Pour la première fois, Cédric Klapisch va monter les marches du Palais des festivals avec toute l’équipe de son film « La Venue de l’avenir ». Ce long-métrage, hors compétition, est un voyage dans le temps, fait d’allers-retours entre la fin du XIXe siècle et aujourd’hui.
Suzanne Lindon, visage d’une époque en transition
Point de départ ? Une famille hérite d’une maison en Normandie et, avant de la vendre, quatre cousins sont chargés d’en faire l’inventaire. À travers des photos, des tableaux qu’ils dénichent parmi les toiles d’araignée, c’est un fabuleux travail de recherche sur leur histoire familiale qu’ils opèrent. La figure centrale se nomme Adèle, une jeune femme illettrée qui a quitté sa Normandie à 20 ans pour Paris, ville en pleine mutation industrielle et culturelle. Le chemin de fer, Félix Nadar, les impressionnistes…
Ce portrait d’une femme à la fois témoin et actrice de son temps est incarné par Suzanne Lindon, qui avait débuté dans « Seize printemps » (sa première réalisation) et dans la saison 2 de « En thérapie », sous le regard d’Arnaud Desplechin.
En plein tournage du prochain Gustave Kervern, elle revient pour nous sur son expérience avec le réalisateur de « L’Auberge espagnole ».
ELLE. - Que représente Cédric Klapisch pour vous ?
Suzanne Lindon. - J’ai eu la chance de voir ses films très tôt. Il fait partie de ma cinéphilie inconsciente. Son travail a une dimension populaire, mais c’est du cinéma d’auteur. C’est lui qui m’a donné envie de m’engager dans ce métier. Je me souviens de son premier film, « Riens du tout », que j’avais adoré. Il me faisait penser à un Rubik’s Cube : au début, tout est désordonné et, finalement, tout prend sa place.
« Les Poupées russes » reste aussi dans ma mémoire. Notamment la scène sur un quai de gare avec Romain Duris et Kelly Reilly : il va rejoindre une autre fille et elle le sait car elle a tout compris. Je me suis dit que Cédric savait explorer l’âme humaine, ses émotions, sa complexité. J’y pense souvent.
ELLE. - « La Venue de l’avenir » est son premier film en partie en costumes. Comment vous êtes-vous accaparé le personnage d’Adèle ?

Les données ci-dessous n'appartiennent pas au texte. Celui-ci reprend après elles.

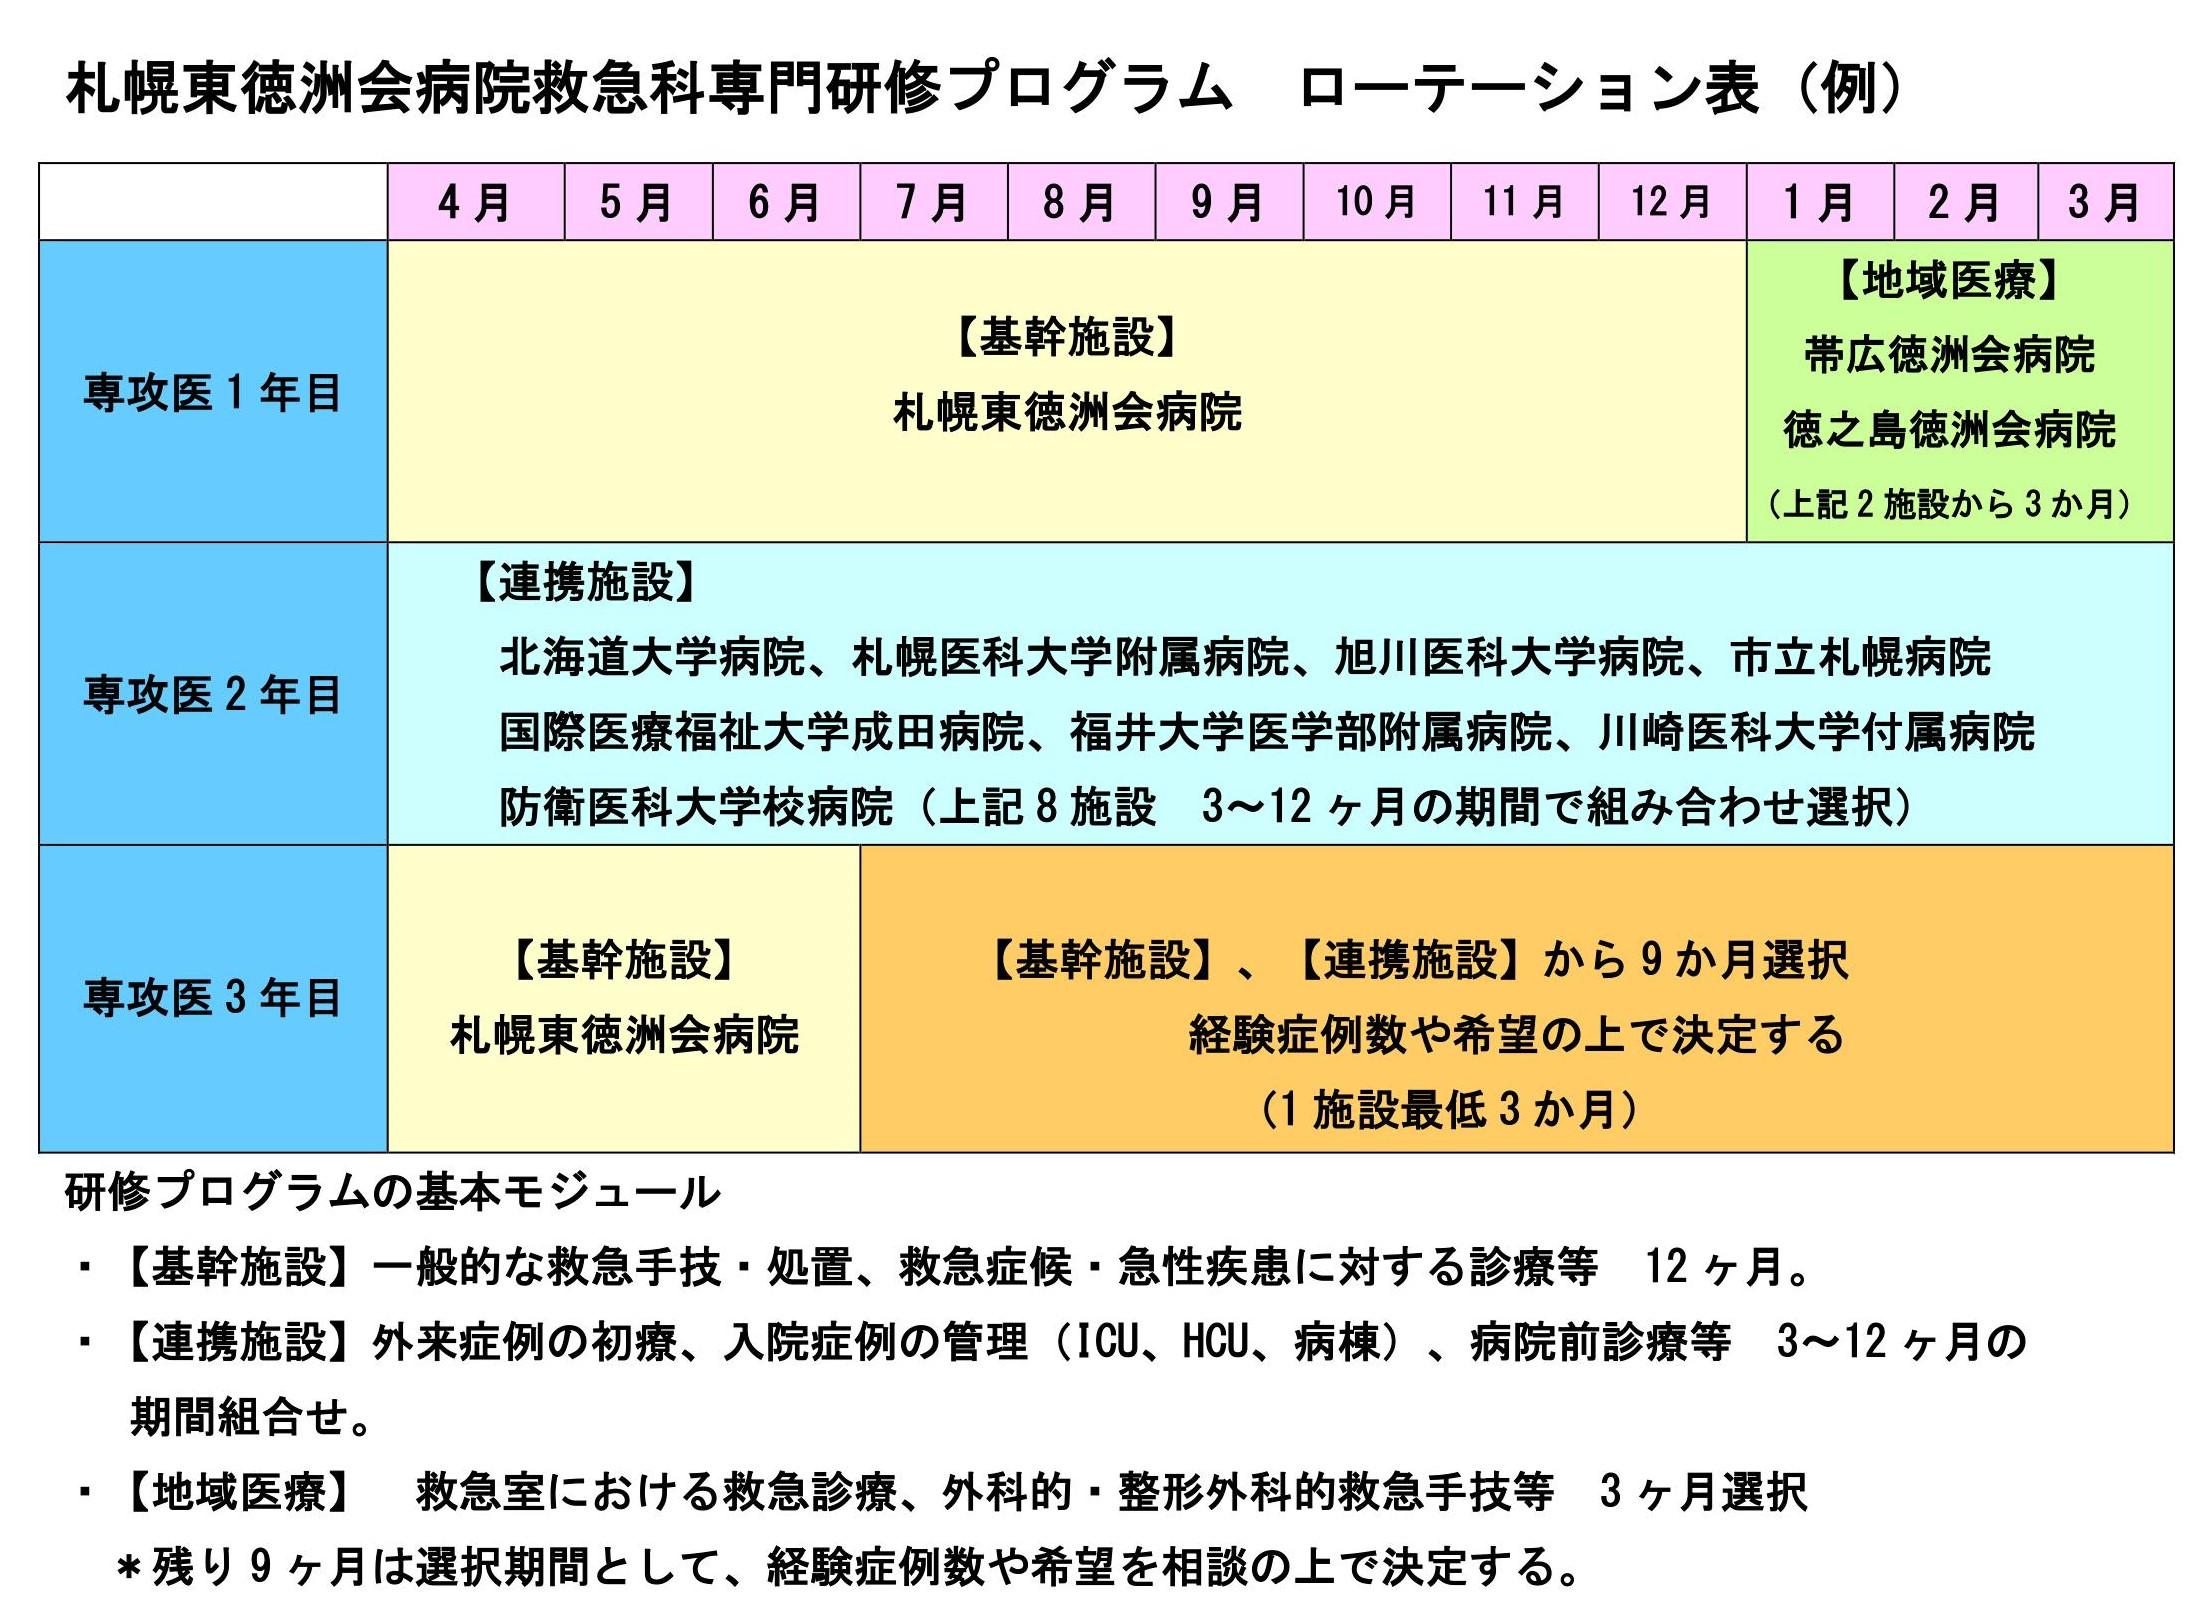 http://blog.higashi-tokushukai.or.jp/ydblog/0001%20%281%29.jpg

S.L. - En fait, je me suis rendu compte que Cédric Klapisch était un réalisateur de films d’époque. Quand il tourne « Le Péril jeune », il raconte une époque. Quand il réalise « L’Auberge espagnole », il en raconte une autre. Dans son dernier long, il établit des ponts entre la fin du XIXe siècle et aujourd’hui, et il parle toujours de la jeunesse. Quand on est un jeune acteur ou une jeune actrice, être choisi(e) par lui, c’est se dire qu’on va être le porte-parole de quelque chose de moderne.
Adèle est en quête, elle veut se trouver, comprendre d’où elle vient. Elle déborde de jeunesse, de désir de vie et surtout de détermination. Elle peut être réservée, mais elle n’est pas fragile. Elle répond à des questions que je me pose aujourd’hui sur le fait d’aimer, d’identifier ce qui me va ou ne me va pas. Elle est une femme émancipée, libre, responsable et digne. Certes, elle porte corset et robe serrée à la taille, mais je ne l’ai pas vécu comme une prison. Simplement une impulsion pour me permettre de trouver la bonne note et arriver jusqu’à elle.
ELLE. - Vos partenaires, Paul Kircher et Vassili Schneider, sont comme vous des enfants de la balle. Est-ce que cela vous a rapprochés ?
S.L. - Rien à voir. Je pense que c’est l’admiration pour notre travail respectif qui a fait que l’on s’est bien entendus. Nous sommes amis depuis la fin du tournage. Paul Kircher suit son parcours, en marge de sa famille. Je dis toujours qu’il est une comète tombée du ciel. Idem pour Vassili Schneider. Il a forgé son chemin de manière indépendante.
Dans le film, nous avons de nombreuses scènes ensemble, notre complicité devait être palpable à l’écran. Je me souviens, à la fin d’une journée d’essais, on est parti tous les trois boire un verre. Il pleuvait à Paris ce jour-là. L’un a ouvert son parapluie, l’autre m’a couverte avec sa veste. Cédric nous a regardés au loin. Il a compris qu’il tenait son trio infernal.